Salı Nisan 16, 2024

Müslüm Elma; “Emperyalizm ve Ortadoğu” (2.bölüm)

ATİK dava tutsaklarından Müslüm Elma’nın savunmasının “Emperyalizm ve Ortadoğu” başlıklı bölümünden alınmıştır.

Emperyalizm bulaşıcı bir hastalık gibidir. Girdiği her yerde kıyım ve yoksulluk üretir. Ulusal-dinsel ve mezhepsel çelişkileri kışkırtarak, ezilen halklar arasında haksız savaşlar yaratır. İran-Irak Savaşı, Lübnan’da yaşanan iç çatışmalar, Irak’ta yıllardır süren iç savaş ve Filistin halkının bitmeyen dramının sorumlusu başta ABD emperyalizmi olmak üzere tüm emperyalist güçler ve bölgedeki uşak yönetimlerdir. Bu ölüm ve zulüm makineleri daha büyük kıyımlar için Ortadoğu’ya silah satıyorlar. Başta petrol olmak üzere diğer zenginlik kaynaklarını önemli oranda denetiminde tutuyorlar. Deyim yerindeyse, yeni göç dalgaları yaratıyorlar. Yoksulluk ordusuna yeni ordular katıyorlar. Tüm bunları da “demokrasi”, “özgürlük” söylemleri eşliğinde gerçekleştiriyorlar. Ortadoğu halkları emperyalistlerin “demokrasi” ve “özgürlük” söylemlerinin pratik karşılığının ne olduğunu bugün yaşayarak görüyor. Görünen o ki; bölgede bu sömürü ve zulüm çarkının kısa vadede ortadan kalkmasının nesnel koşulları da zayıf. Bölge halklarının birleşmesinden çok, yeni ayrışmaların ortaya çıkma ihtimalleri gün geçtikçe artıyor.

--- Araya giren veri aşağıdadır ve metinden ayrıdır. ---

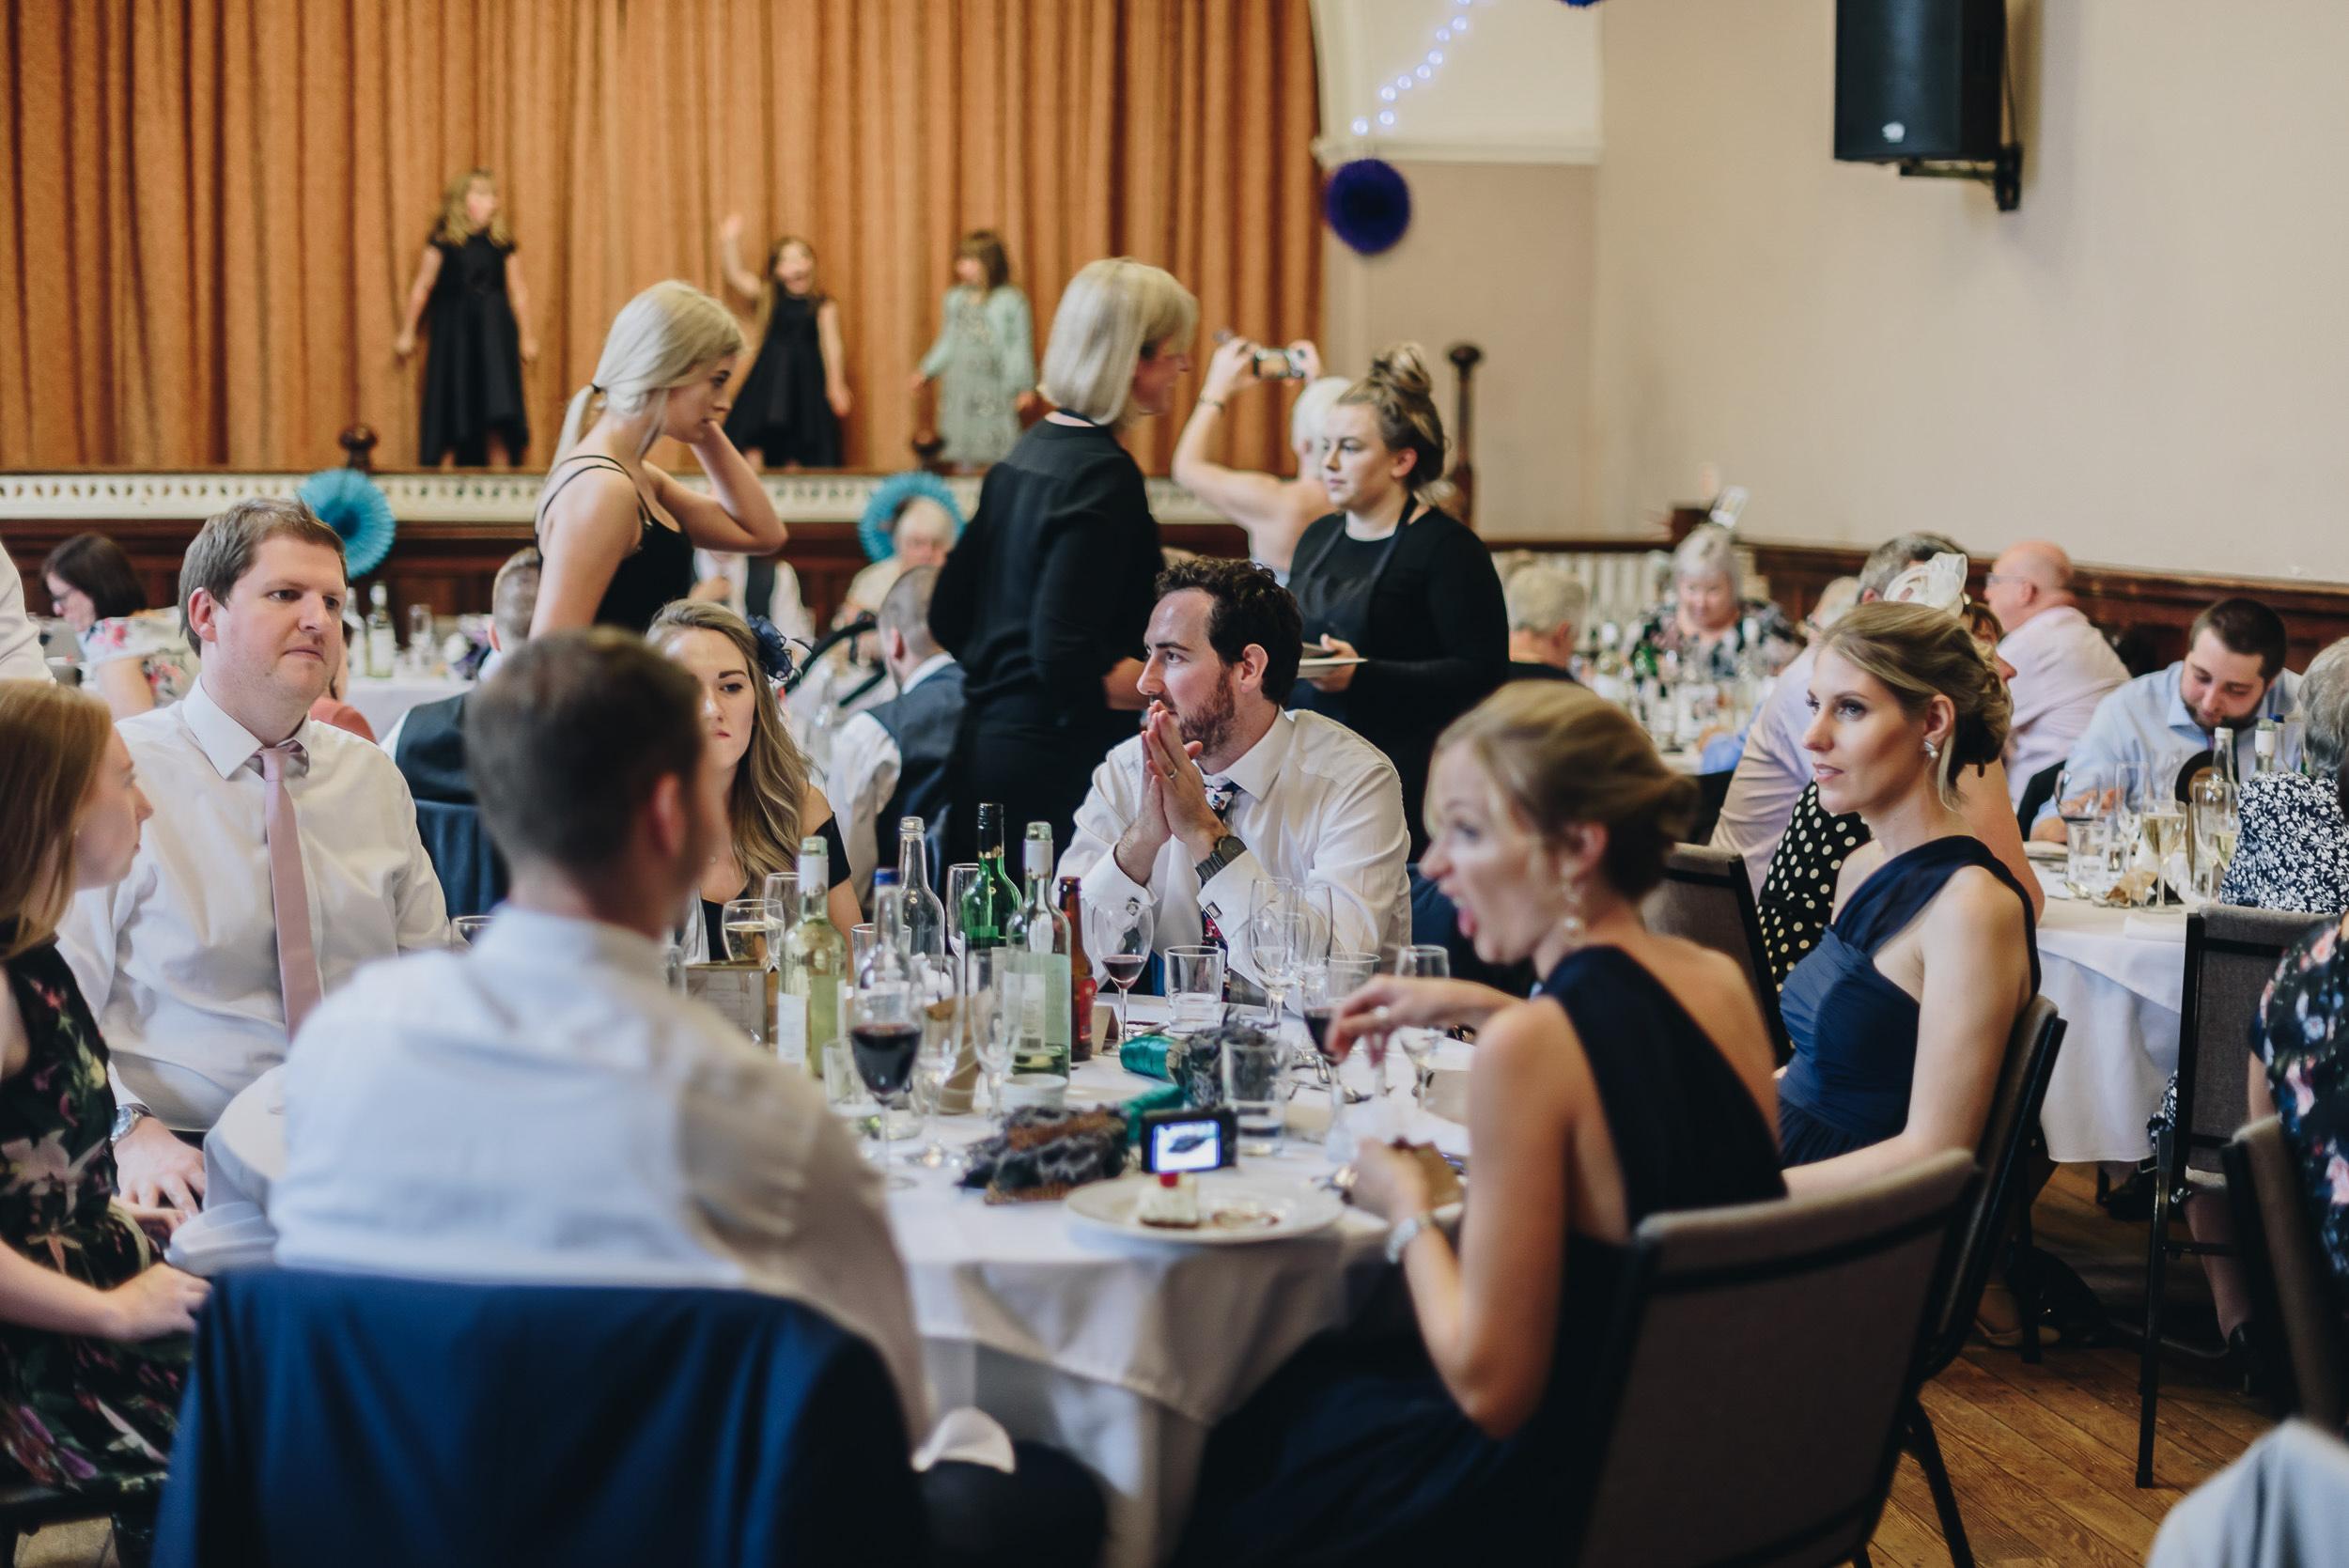 Smithills-hall-wedding-manchester-the-barlow-edgworth-hadfield-91.jpg
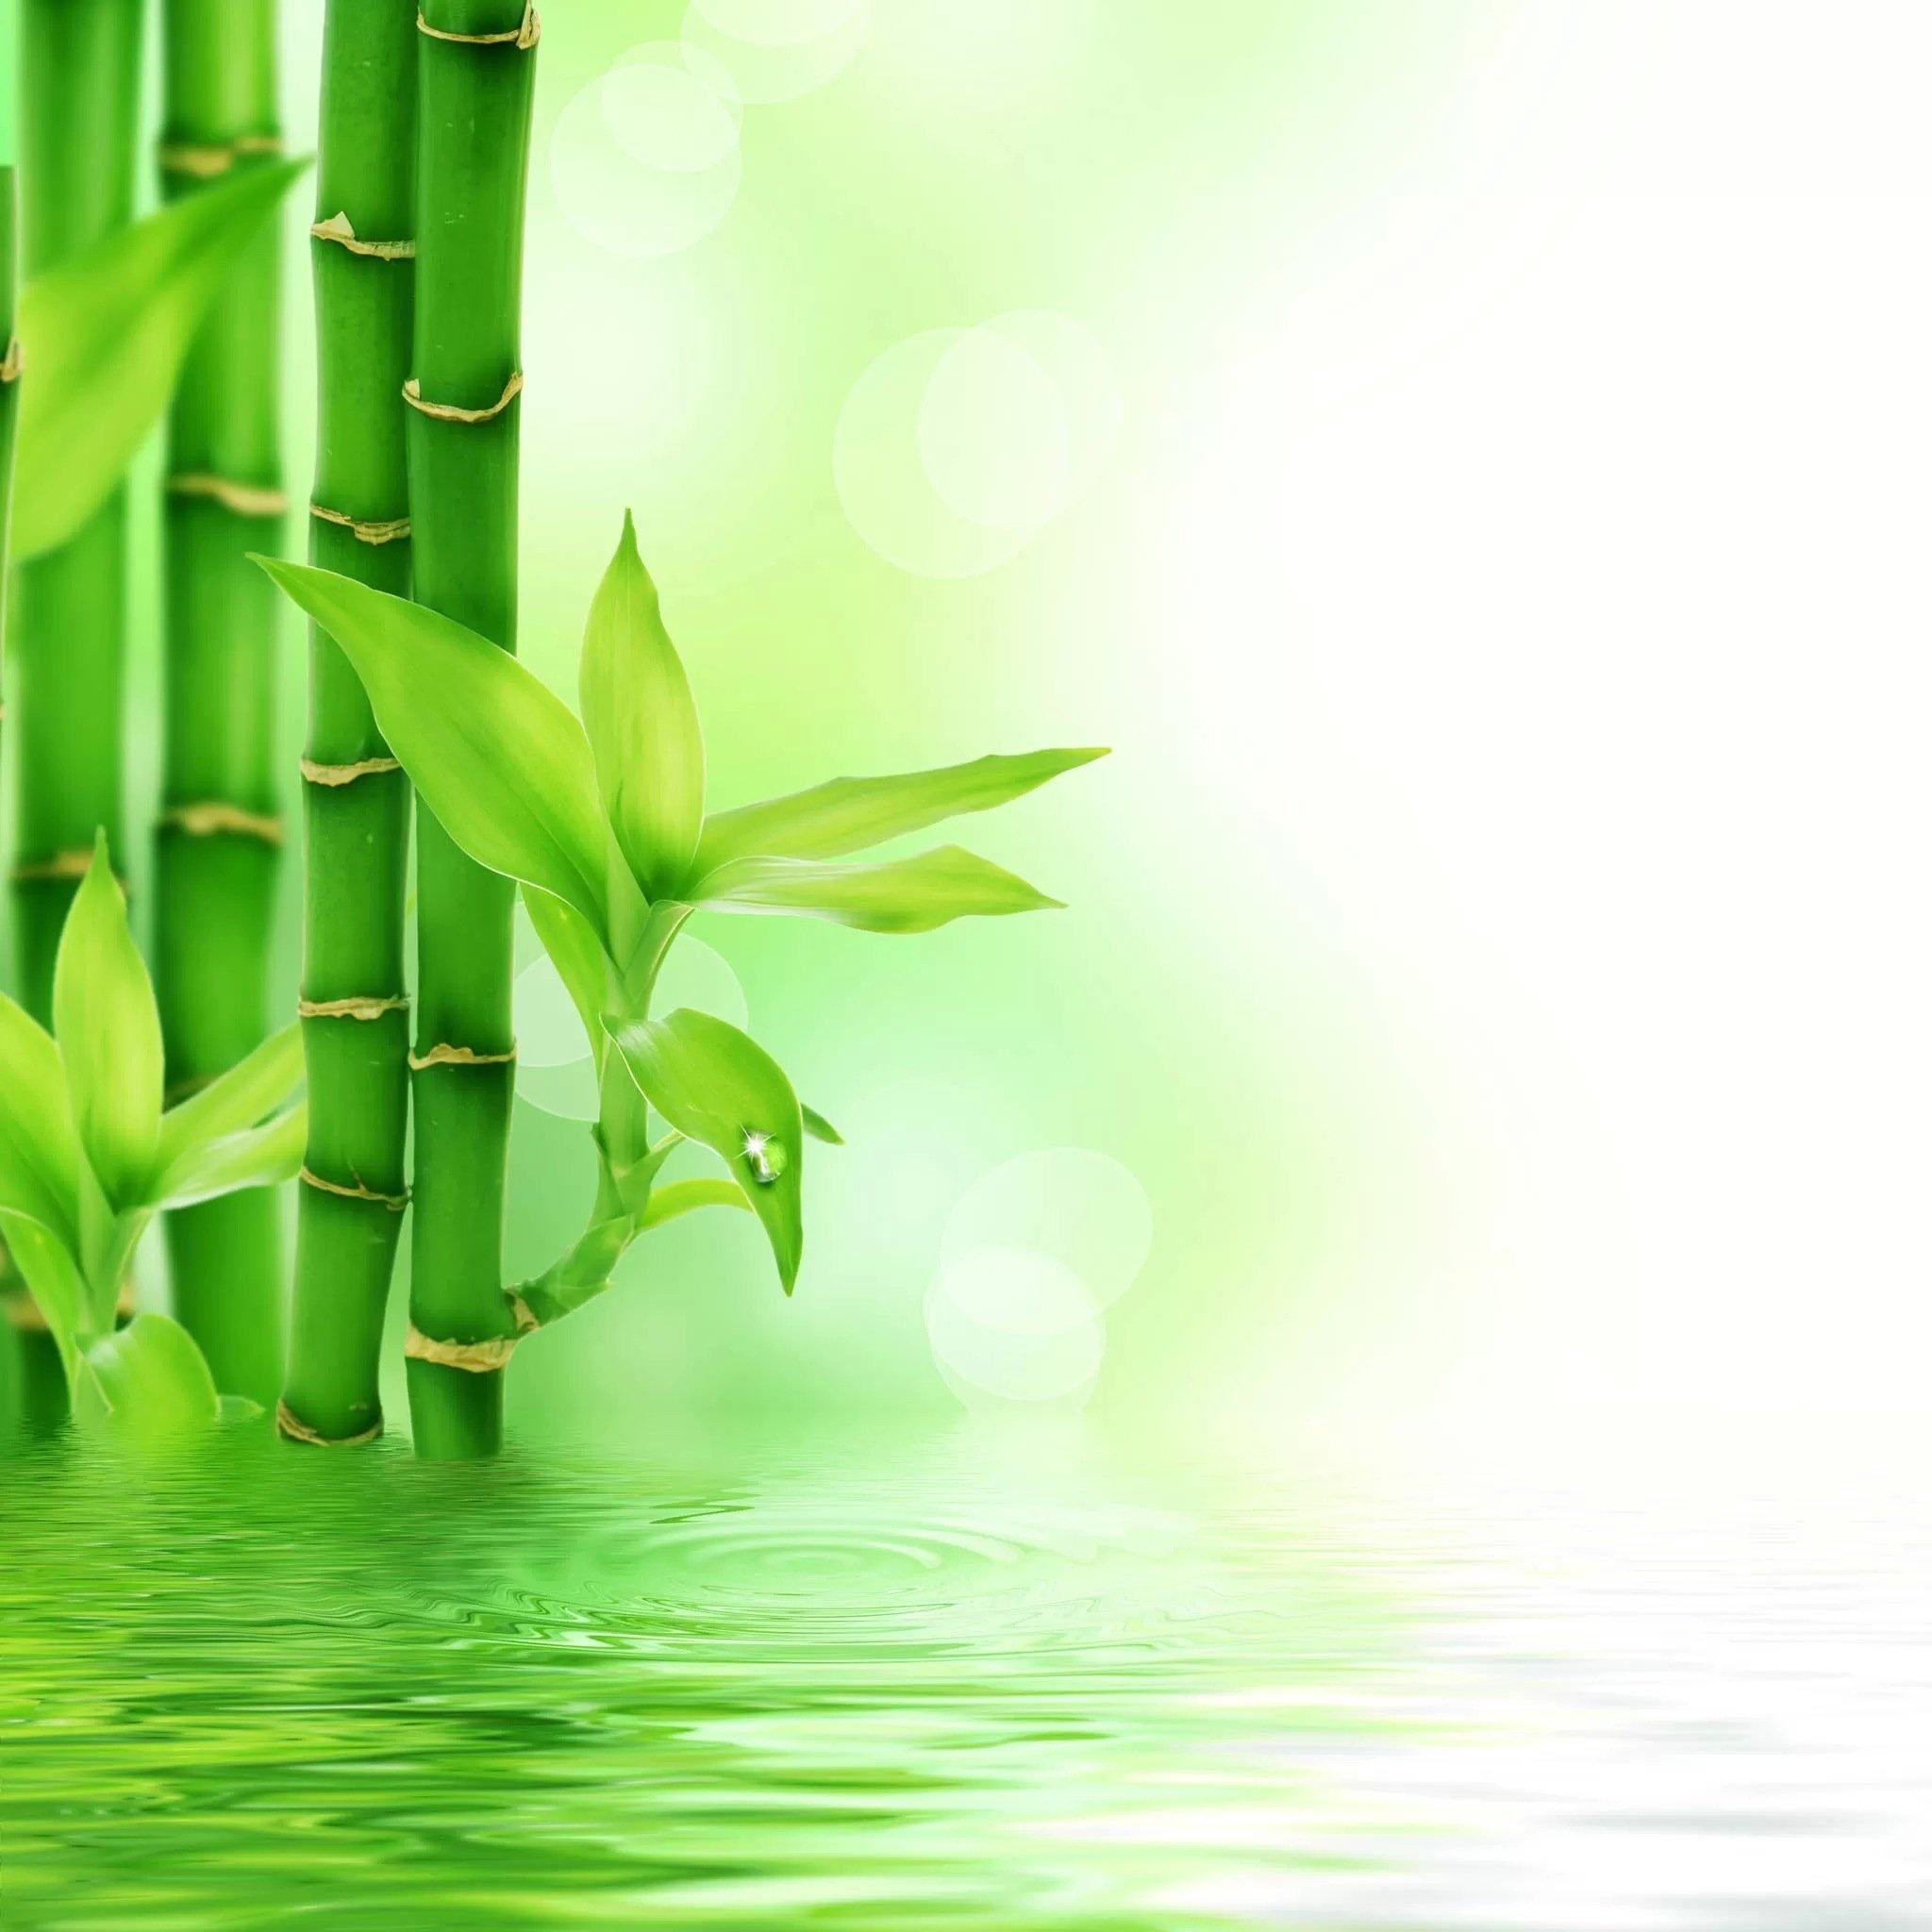 ipad风景绿色壁纸_ipad风景绿色壁纸下载

Gelinen aşamada şu tehlikeler görülmek zorundadır: Birincisi; emperyalist güçlerin IŞİD denilen katil sürüsüne karşı “savaşıyoruz” propagandası, emperyalist merkezlerdeki işçi ve emekçilerin, bu işgallere karşı sessiz kalmasına ve hatta belli oranda destek sunmasına neden olmaktadır. İkincisi; tam da buna paralel olarak ezen ve ezilenlerin savaşımı yerine dinsel ve mezhepsel temelde bölünmelerin ve savaşların da bu eksene oturtulması çabası somut bir olgu haline getirilmeye çalışılmaktadır. Bu, ezilen halklar için, emperyalist kölelik ilişkisinin daha da derinleşmesi anlamına gelmektedir. Başta emperyalist merkezlerdeki işçi ve emekçiler olmak üzere tüm ezilen halklar buna karşı çıkmalıdır. Dinsel ve mezhepsel temelde savaşlar, ayrılıklar ezilen halkların demokrasi, bağımsızlık ve sosyalizm mücadelesine saplanan bir hançer gibidir. Bu temelde yürütülen savaşlarda akan kan mazlumların kanı olacaktır. Kazanan ezilen dünya halkları değil, emperyalistler olacaktır.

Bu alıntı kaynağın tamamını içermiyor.